Его музыка была неслышной, а Митиной восхищались все.

Бабушка Митю обожала. Он приходил и, едва сбросив куртку, садился к старенькому нашему пианино «Красный Октябрь», пробегал пальцами по клавишам…

Это началось случайно, когда бабушка попробовала напеть нам – надтреснутым, дрожащим, но верным ещё голосом – один из любимых романсов Вертинского:

Где Вы теперь? Кто Вам целует пальцы? Куда ушёл Ваш китайчонок Ли? Вы, кажется, потом любили португальца, А может быть, с малайцем Вы ушли…

Митя тогда немедленно поднялся, подошёл к инструменту и заиграл. Я видела, что он немного утрирует, может быть – стесняясь нас: закидывает голову, томно прикрывает глаза, слишком высоко взлетают его пальцы над клавишами…

Но бабушка пела, а Митька делал роскошную аранжировку, нанизывал звуки, плёл из них кружева. Получалась – роскошь.

Последний раз я видел Вас так близко. В пролёты улиц Вас умчал авто.
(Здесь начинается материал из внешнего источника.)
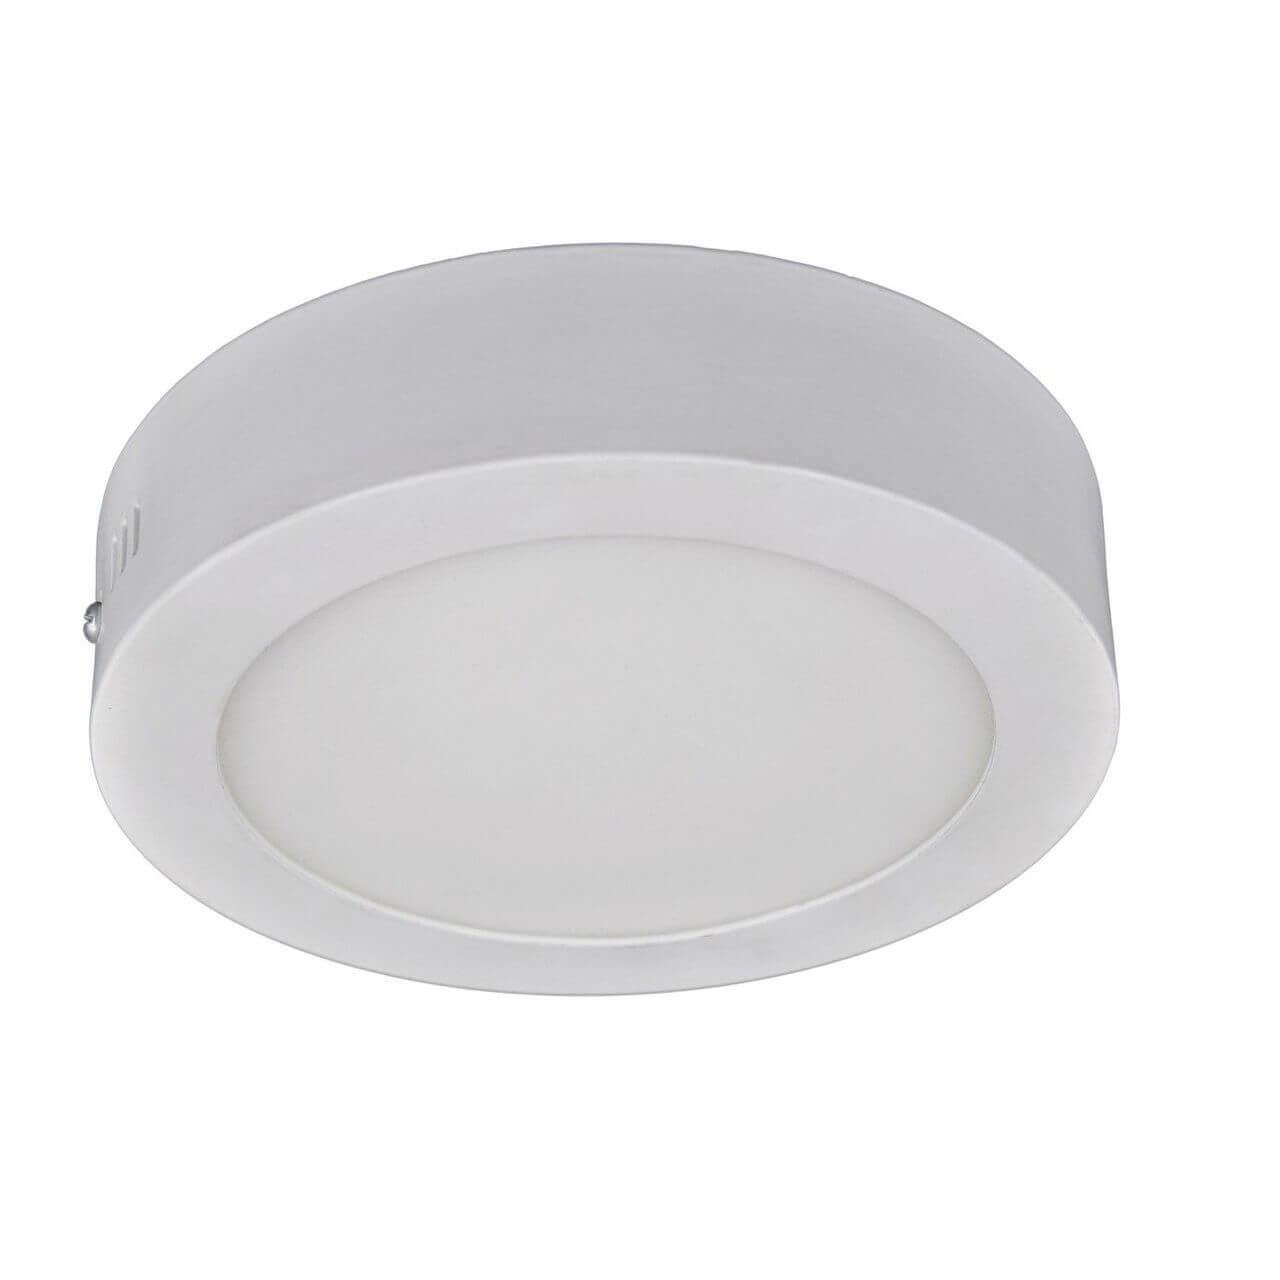 Потолочный светодиодный светильник Arte Lamp Angolo A3012PL-1WH светильник потолочный arte lamp rails kits цвет белый 1 х e14 40 w a3056pl 1wh

Мне снилось, что в притонах Сан-Франциско Лиловый негр Вам подаёт манто.

Митька закончил шикарным проигрышем, уронил руки вдоль тела, а подбородок на грудь.

– Митенька, – бабушка зааплодировала, – ещё, пожалуйста, ещё!

– Только если будете петь, – галантно сказал Митька, но смотрел он на меня, и я будто впервые увидела, как темны его брови и изящен их излом и как дерзок взгляд его… Он играл не бабушке, он играл – мне.

И мы пели. Хотя я совершенно не музыкальный человек. О таких говорят: медведь на ухо наступил. Но разве в этом дело?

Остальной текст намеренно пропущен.